Much, too, was made of Lambert’s sexuality. During his time on Idol, he refused to address speculation that he was gay. Many argued that the speculation unjustly cost him the winner’s crown, something Lambert told US Rolling Stone magazine was “probably” true when he was later interviewed for a cover story.
Still, as he puts it, “I don’t think I was ever hiding anything. I more-or-less went into it with a ‘what you see is what you get’ mentality. I mean, I was a 27-year-old middle-class white guy wearing make-up and heels, what did people think they were getting, you know?”

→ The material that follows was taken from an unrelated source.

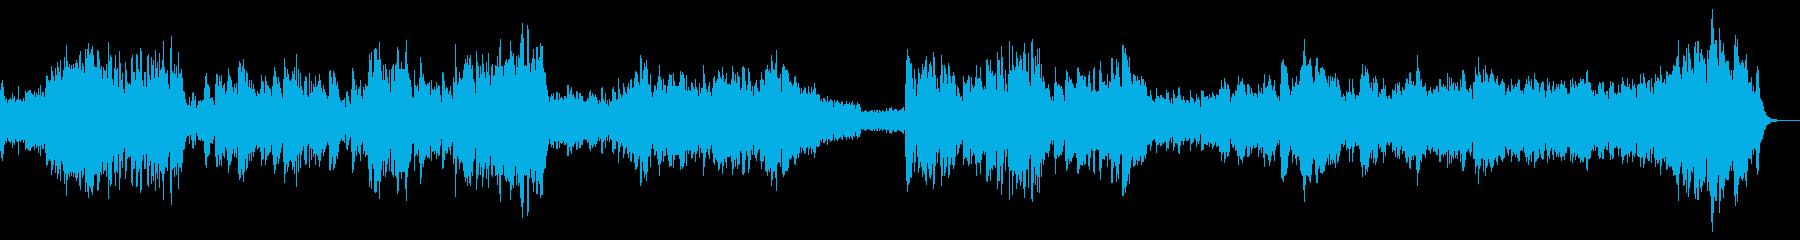 積乱雲の発生と夏空を表現したオーケストラの再生済みの波形
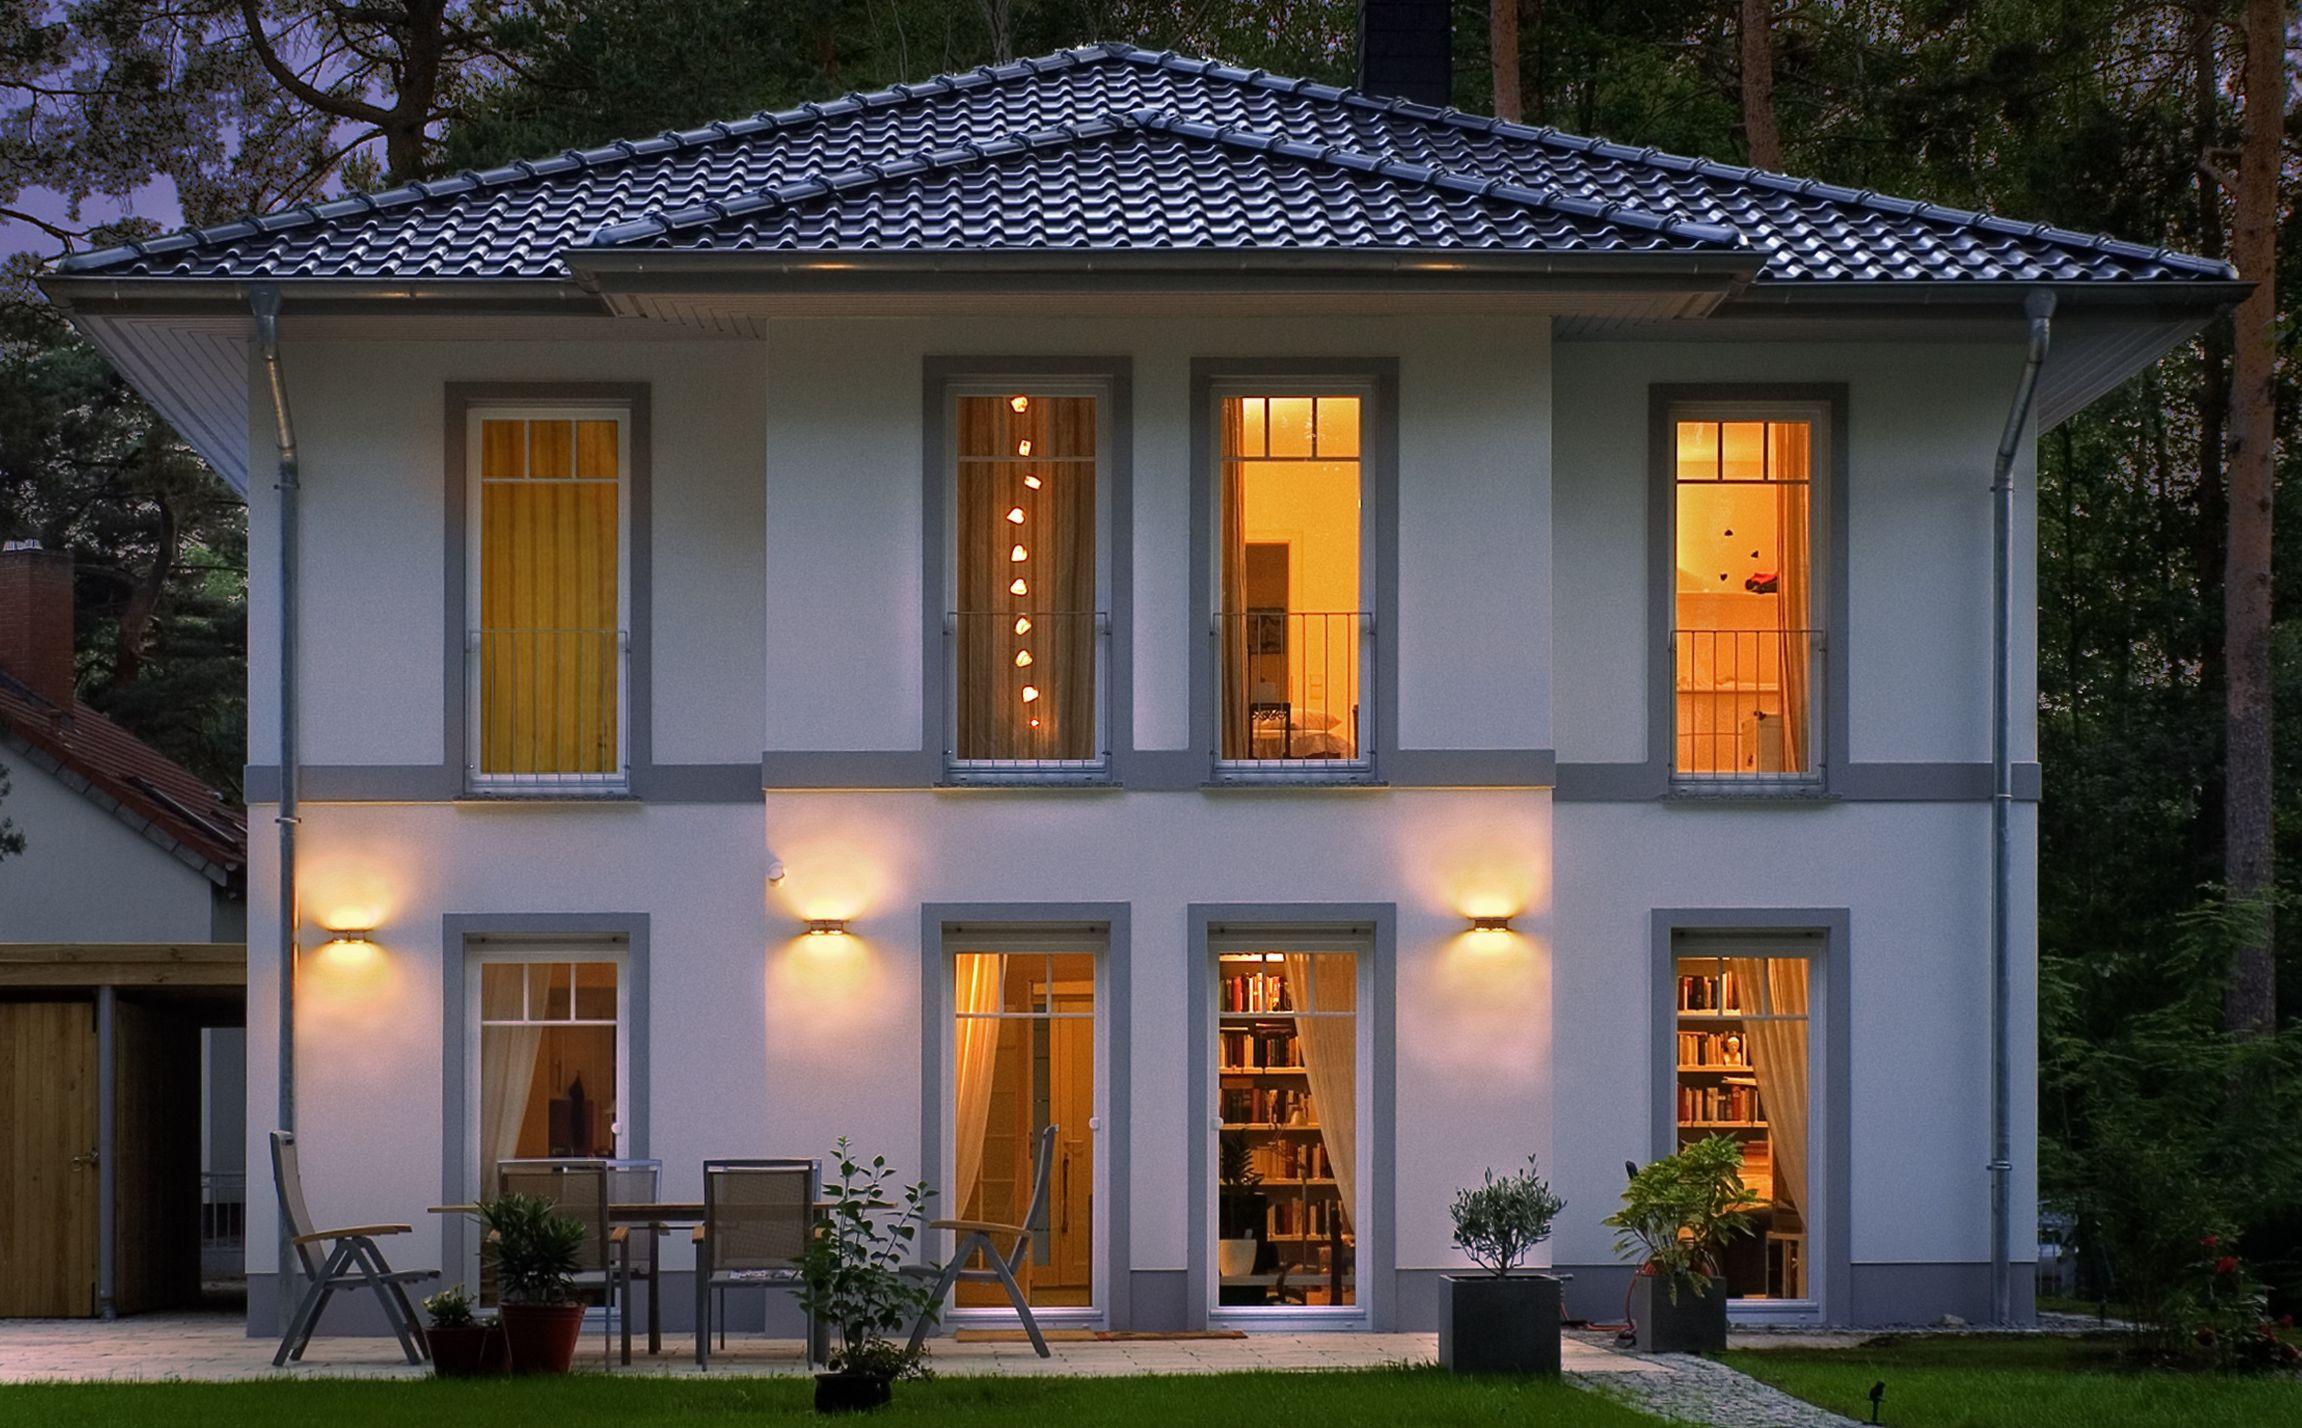 Villa Lugana in Panketal öffnet für Interessierte | Hausbesichtigung am 09./10. Januar in 16341 Panketal

Lambert laughs and pauses before continuing: “When I came out, I think I kind of did so with a sense of weariness and hesitation. I’ve lived openly my whole life so was in no way ashamed of who or what I am, but I was aware that coming out publicly, as it were, would possibly alter the way people looked at me or perceived me. But, that said, I’m really an open book. I think I always knew that anybody who had a problem with my orientation probably wasn’t somebody I wanted to connect with anyway.”
In May, Lambert released his much-anticipated second album, Trespassing. Whereas For Your Entertainment had reached number three on the US Billboard Albums Chart, his sophomore effort bettered that not inconsiderable achievement by debuting at number one.
Not surprisingly, the media was filled with headlines about Lambert being the first openly gay artist to debut on the Billboard Album Charts in the top spot. Again, it seemed that his sexuality was synonymous with his music, the two hopelessly conflated and inseparable, something Lambert admits he finds tiring at times.
“It always feels a bit different when I am talking about these issues for a LGBT publication like yours because I feel like that audience that’s reading it may understand these struggles a whole lot more. When it’s for a mainstream publication, yes, it tends to be a lot more sensationalised and I do find that frustrating and problematic when it’s all about my sexuality and not so much about my music. I think the goal is to try and find a balance, which can be tricky, because often I have no control over it,” he says.
“Being gay is definitely a part of my identity and who I am and it’s something I am completely, one hundred percent comfortable with. I don’t hide who I am when I write lyrics. I refer to my own life, my own struggles, my own joy, my own love, whatever.
“On one side, I see it as very important to be outspoken and to be visible as being that, especially for young people and for the next generation who are coming up, who are looking for examples of people who are not letting their sexuality keep them from doing exactly whatever the hell they want, basically.”